Data to examine:

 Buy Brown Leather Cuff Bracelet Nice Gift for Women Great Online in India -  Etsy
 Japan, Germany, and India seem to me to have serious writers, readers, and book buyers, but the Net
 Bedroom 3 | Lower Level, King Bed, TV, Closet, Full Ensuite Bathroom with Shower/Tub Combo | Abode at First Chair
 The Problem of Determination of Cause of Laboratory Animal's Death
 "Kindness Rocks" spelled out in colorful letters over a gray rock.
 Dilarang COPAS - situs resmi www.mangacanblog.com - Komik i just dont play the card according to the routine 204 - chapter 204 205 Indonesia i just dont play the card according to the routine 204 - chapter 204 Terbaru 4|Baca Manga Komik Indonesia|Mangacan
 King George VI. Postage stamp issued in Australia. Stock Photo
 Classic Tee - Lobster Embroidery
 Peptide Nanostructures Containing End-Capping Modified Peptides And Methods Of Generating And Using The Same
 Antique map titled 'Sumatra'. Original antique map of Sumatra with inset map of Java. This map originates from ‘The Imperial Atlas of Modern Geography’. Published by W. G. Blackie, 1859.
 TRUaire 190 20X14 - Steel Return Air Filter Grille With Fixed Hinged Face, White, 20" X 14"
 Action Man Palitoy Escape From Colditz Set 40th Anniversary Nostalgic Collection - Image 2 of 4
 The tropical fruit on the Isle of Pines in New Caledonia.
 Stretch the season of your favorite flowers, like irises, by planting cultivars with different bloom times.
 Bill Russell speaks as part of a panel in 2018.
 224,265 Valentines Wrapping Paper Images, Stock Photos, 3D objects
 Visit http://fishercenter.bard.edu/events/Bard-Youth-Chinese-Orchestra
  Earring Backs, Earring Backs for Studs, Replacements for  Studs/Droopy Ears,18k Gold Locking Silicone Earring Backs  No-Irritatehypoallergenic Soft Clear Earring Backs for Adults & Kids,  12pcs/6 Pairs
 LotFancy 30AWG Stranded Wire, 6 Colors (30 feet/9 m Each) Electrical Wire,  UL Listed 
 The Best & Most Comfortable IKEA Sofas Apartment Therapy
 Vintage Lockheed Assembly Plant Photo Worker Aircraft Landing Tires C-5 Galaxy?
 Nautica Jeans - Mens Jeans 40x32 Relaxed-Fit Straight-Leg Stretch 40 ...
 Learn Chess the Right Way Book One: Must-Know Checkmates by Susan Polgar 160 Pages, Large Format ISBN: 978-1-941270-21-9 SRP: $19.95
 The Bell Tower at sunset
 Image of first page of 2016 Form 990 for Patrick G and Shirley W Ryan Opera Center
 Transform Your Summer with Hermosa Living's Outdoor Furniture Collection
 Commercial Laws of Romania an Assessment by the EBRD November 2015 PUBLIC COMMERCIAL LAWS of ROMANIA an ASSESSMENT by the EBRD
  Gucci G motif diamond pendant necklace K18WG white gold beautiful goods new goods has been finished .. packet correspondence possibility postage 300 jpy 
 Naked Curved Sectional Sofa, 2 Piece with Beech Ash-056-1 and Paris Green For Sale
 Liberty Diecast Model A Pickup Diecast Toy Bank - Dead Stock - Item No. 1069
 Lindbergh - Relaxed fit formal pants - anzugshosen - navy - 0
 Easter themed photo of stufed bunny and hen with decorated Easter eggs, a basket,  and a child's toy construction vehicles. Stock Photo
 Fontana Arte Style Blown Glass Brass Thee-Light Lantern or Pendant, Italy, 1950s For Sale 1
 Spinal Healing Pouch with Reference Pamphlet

What to produce: Give the data back in full, matching it character for character.

Answer space:
 Buy Brown Leather Cuff Bracelet Nice Gift for Women Great Online in India -  Etsy
 Japan, Germany, and India seem to me to have serious writers, readers, and book buyers, but the Net
 Bedroom 3 | Lower Level, King Bed, TV, Closet, Full Ensuite Bathroom with Shower/Tub Combo | Abode at First Chair
 The Problem of Determination of Cause of Laboratory Animal's Death
 "Kindness Rocks" spelled out in colorful letters over a gray rock.
 Dilarang COPAS - situs resmi www.mangacanblog.com - Komik i just dont play the card according to the routine 204 - chapter 204 205 Indonesia i just dont play the card according to the routine 204 - chapter 204 Terbaru 4|Baca Manga Komik Indonesia|Mangacan
 King George VI. Postage stamp issued in Australia. Stock Photo
 Classic Tee - Lobster Embroidery
 Peptide Nanostructures Containing End-Capping Modified Peptides And Methods Of Generating And Using The Same
 Antique map titled 'Sumatra'. Original antique map of Sumatra with inset map of Java. This map originates from ‘The Imperial Atlas of Modern Geography’. Published by W. G. Blackie, 1859.
 TRUaire 190 20X14 - Steel Return Air Filter Grille With Fixed Hinged Face, White, 20" X 14"
 Action Man Palitoy Escape From Colditz Set 40th Anniversary Nostalgic Collection - Image 2 of 4
 The tropical fruit on the Isle of Pines in New Caledonia.
 Stretch the season of your favorite flowers, like irises, by planting cultivars with different bloom times.
 Bill Russell speaks as part of a panel in 2018.
 224,265 Valentines Wrapping Paper Images, Stock Photos, 3D objects
 Visit http://fishercenter.bard.edu/events/Bard-Youth-Chinese-Orchestra
  Earring Backs, Earring Backs for Studs, Replacements for  Studs/Droopy Ears,18k Gold Locking Silicone Earring Backs  No-Irritatehypoallergenic Soft Clear Earring Backs for Adults & Kids,  12pcs/6 Pairs
 LotFancy 30AWG Stranded Wire, 6 Colors (30 feet/9 m Each) Electrical Wire,  UL Listed 
 The Best & Most Comfortable IKEA Sofas Apartment Therapy
 Vintage Lockheed Assembly Plant Photo Worker Aircraft Landing Tires C-5 Galaxy?
 Nautica Jeans - Mens Jeans 40x32 Relaxed-Fit Straight-Leg Stretch 40 ...
 Learn Chess the Right Way Book One: Must-Know Checkmates by Susan Polgar 160 Pages, Large Format ISBN: 978-1-941270-21-9 SRP: $19.95
 The Bell Tower at sunset
 Image of first page of 2016 Form 990 for Patrick G and Shirley W Ryan Opera Center
 Transform Your Summer with Hermosa Living's Outdoor Furniture Collection
 Commercial Laws of Romania an Assessment by the EBRD November 2015 PUBLIC COMMERCIAL LAWS of ROMANIA an ASSESSMENT by the EBRD
  Gucci G motif diamond pendant necklace K18WG white gold beautiful goods new goods has been finished .. packet correspondence possibility postage 300 jpy 
 Naked Curved Sectional Sofa, 2 Piece with Beech Ash-056-1 and Paris Green For Sale
 Liberty Diecast Model A Pickup Diecast Toy Bank - Dead Stock - Item No. 1069
 Lindbergh - Relaxed fit formal pants - anzugshosen - navy - 0
 Easter themed photo of stufed bunny and hen with decorated Easter eggs, a basket,  and a child's toy construction vehicles. Stock Photo
 Fontana Arte Style Blown Glass Brass Thee-Light Lantern or Pendant, Italy, 1950s For Sale 1
 Spinal Healing Pouch with Reference Pamphlet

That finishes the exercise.